The department store Quartier 206 presented its collection using innovative OSRAM lighting



The Berlin-based deluxe department store Quartier 206 teamed up with OSRAM AG to infuse its display windows with special lighting. Located on the Friedrichstrasse, one of the top addresses in Berlin, organic light-emitting diodes (OLEDs for short) were being used to create an impressive setting for the sophisticated fashions at the store. The light technology of the future transformed glass panels into luminous surfaces which emit a warm, very soft lighting. This permitted the creation of light installations unlike anything seen before.

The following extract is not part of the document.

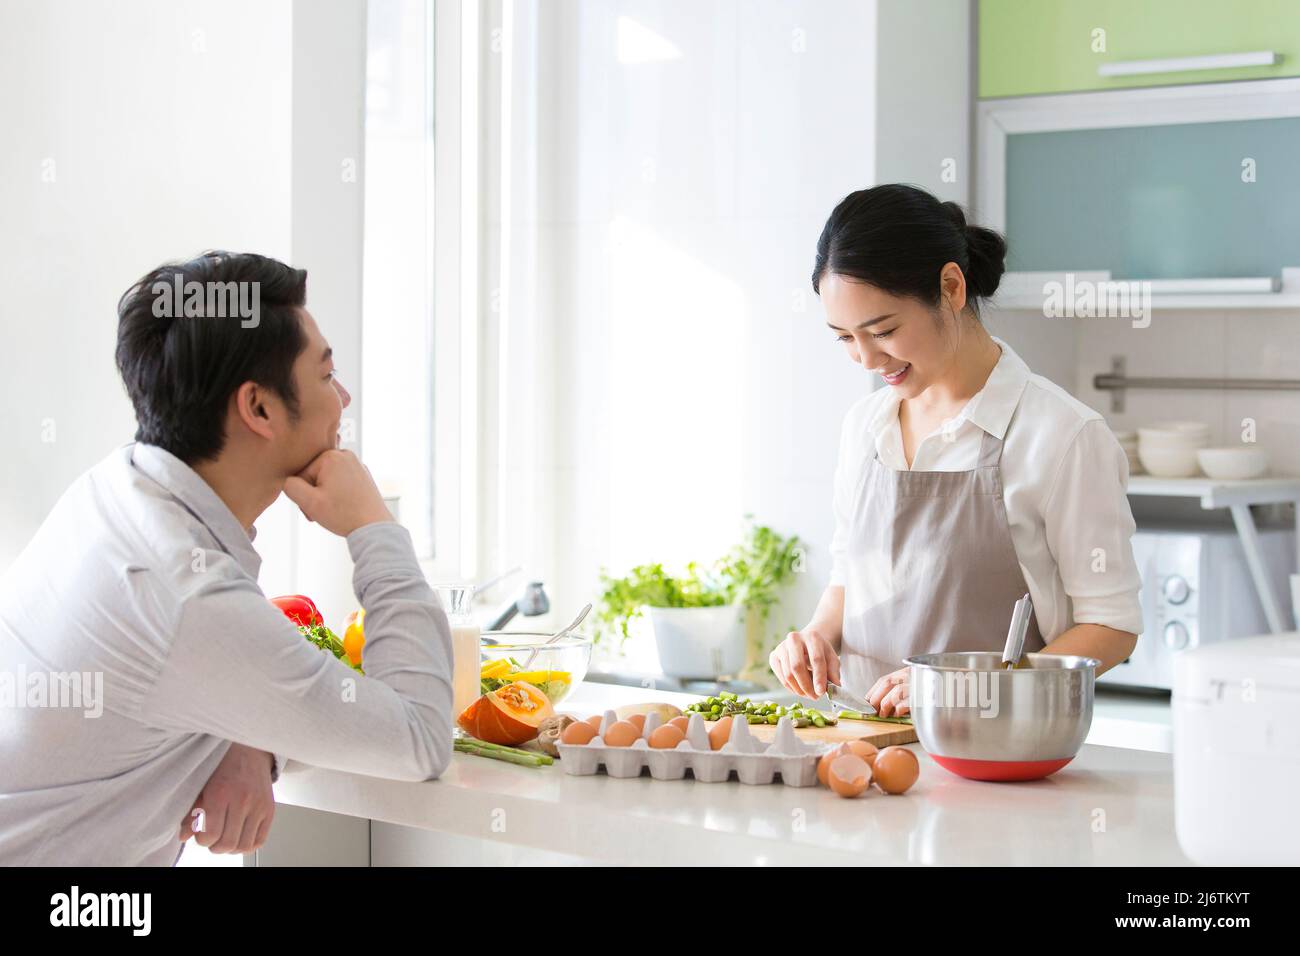 In der Familienküche kochte ein junges Paar zusammen. Ehemann blickte liebevoll auf Frau, die Gemüse hackt - Stock Foto Stockfoto

The use of the OLEDs at Quartier 206 demonstrated how these lights were being incorporated into ever more different forms and applications. So far, OLED panels were used primarily by light designers and artists. “The installation at Quartier 206 is a taster of what we will see at many sites in the future,” said Dr. Christoph Gärditz, Manager of the OSRAM project. “OLEDs offer fascinating lighting solutions in a wide variety of different areas like design luminaires, accent lighting or office illumination”. Steffen Schmidt from local project partner LUMES Licht was also enthusiastic: “OLEDs are a new medium with a great deal of potential”.

department store Quartier 206
photo credit: Jorge Láscar (Flickr)

The fashion label Marni took center stage in the window display. The autumn/winter collection of this Italian company had met with high acclaim within the industry. The typical Marni patterns were reduced to a minimum and the expressive colors were broken down. The collection features delicated dots and subtle patterns, dark wools and breath-taking leather. Christian Mau, the Creative Director of the Quartier 206 department store, was very convinced: “OLEDs are ideal for our display window design. The light sources emit very little heat and are therefore much less harsh on the products. Delicate products such as perfumes can also be showcased in the window without any damage occurring.”

In technical terms, the OLEDs are based on semiconductors, like their sister technology LEDs. These semiconductors convert power into light. When being used to light the panels up, semiconductor layers were applied to a base material – in this case, glass. These layers were only as thick as a hundredth of a human hair overall. When switched off, the panels looked like simple white surfaces or mirrors but when switched on, they become luminous devices.